4 转录本拼接[Assemble]
方法[Method]
使用Trimmomatic(v0.39)过滤低质量reads。用Trinity(v2.8.5)软件基于过滤后的read是进行转录本的拼接。
Trimmomatic (v0.39) was used to filter low quality reads. Trinity (v2.8.5) software was used to assemble the transcripts based on the filtered reads.
Trinity是由Broad Institute 和Hebrew University of Jerusalem开发的转录组de novo组装软件,由三个独立的软件模块组成:Inchworm Chrysalis和Butterfly,三个软件依次处理大规模RNA-seq的reads数据,得到拼接转录本。
Trinity将序列数据划分成许多个独立的de Bruijn图,每个图代表给定基因或位点的转录复杂性,然后独立处理每个图以提取全长剪接同工型,并梳理区分从旁系基因衍生的转录本。
Trinity, developed at the Broad Institute and the Hebrew University of Jerusalem, represents a novel method for the efficient and robust de novo reconstruction of transcriptomes from RNA-seq data.

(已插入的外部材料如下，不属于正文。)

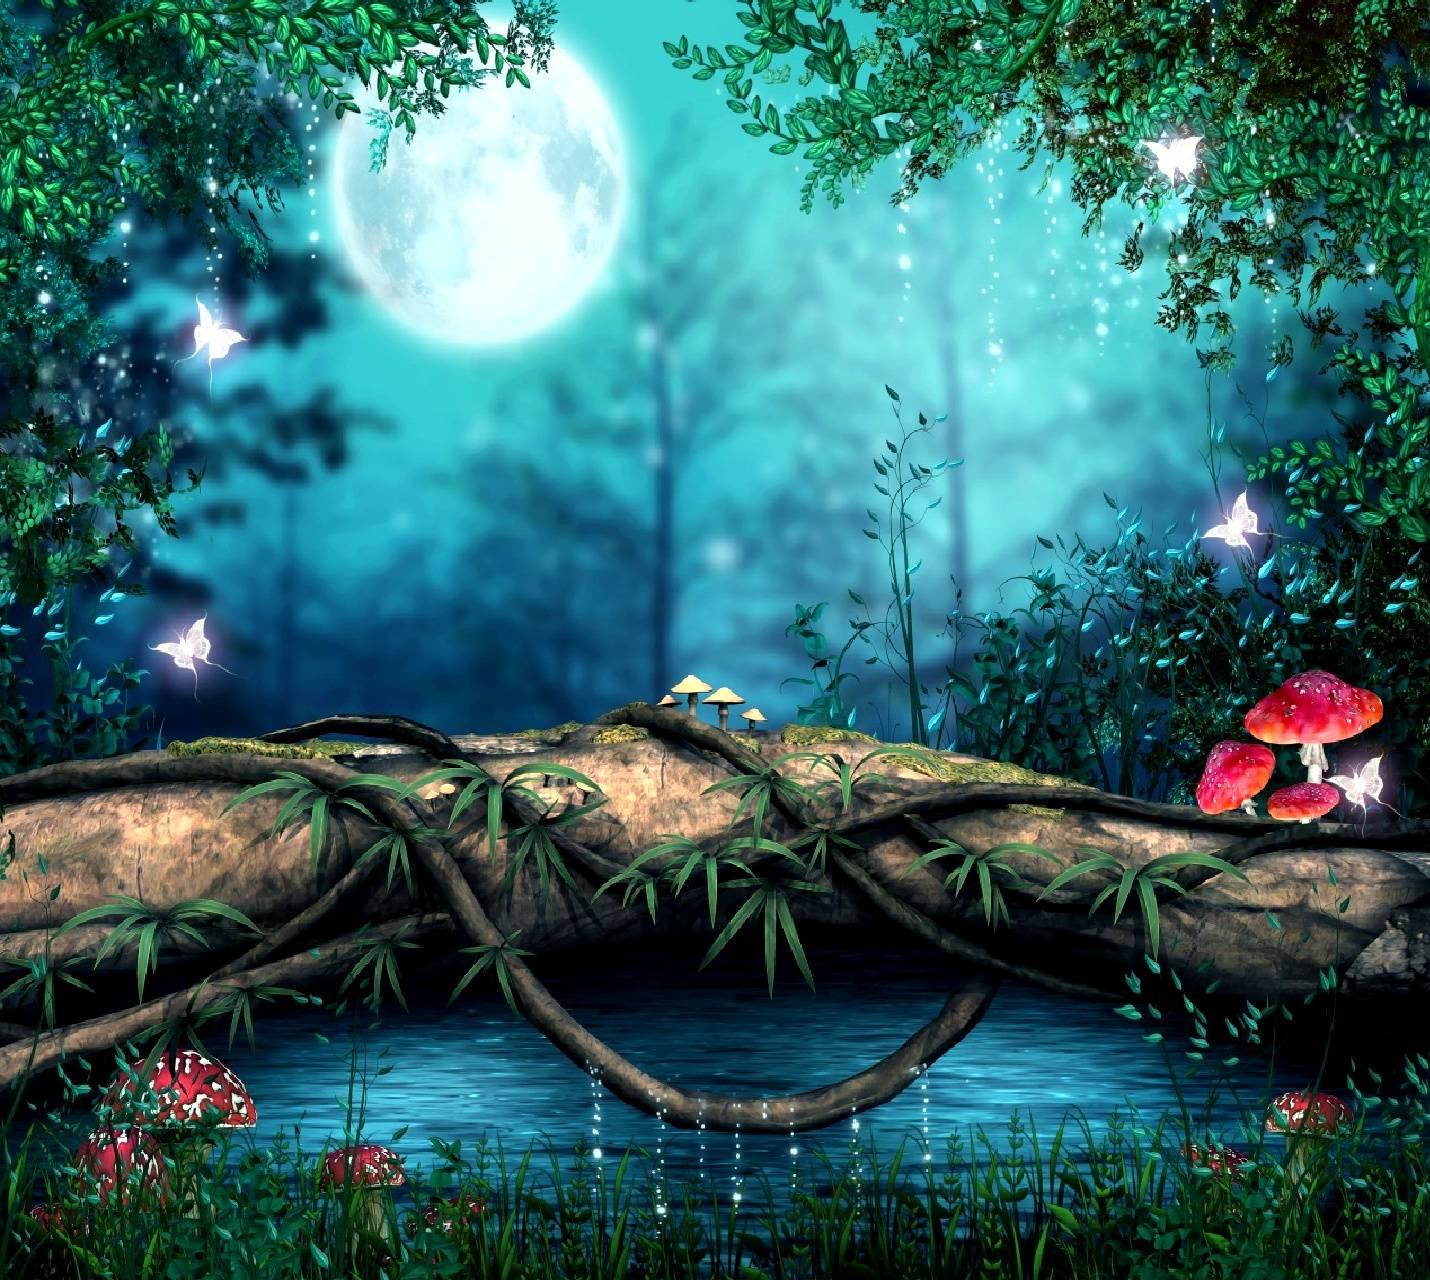 in fairy tales

Trinity partitions the sequence data into many individual de Bruijn graphs, each representing the transcriptional complexity at a given gene or locus, and then processes each graph independently to extract full-length splicing isoforms and to tease apart transcripts derived from paralogous genes.
4.1 组装结果统计[Assembly result statistics]
根据reads中的序列重复,Trinity组建重叠群,这样的转录簇被宽泛的称为“基因”。每个gene可能对应多个转录本isoform。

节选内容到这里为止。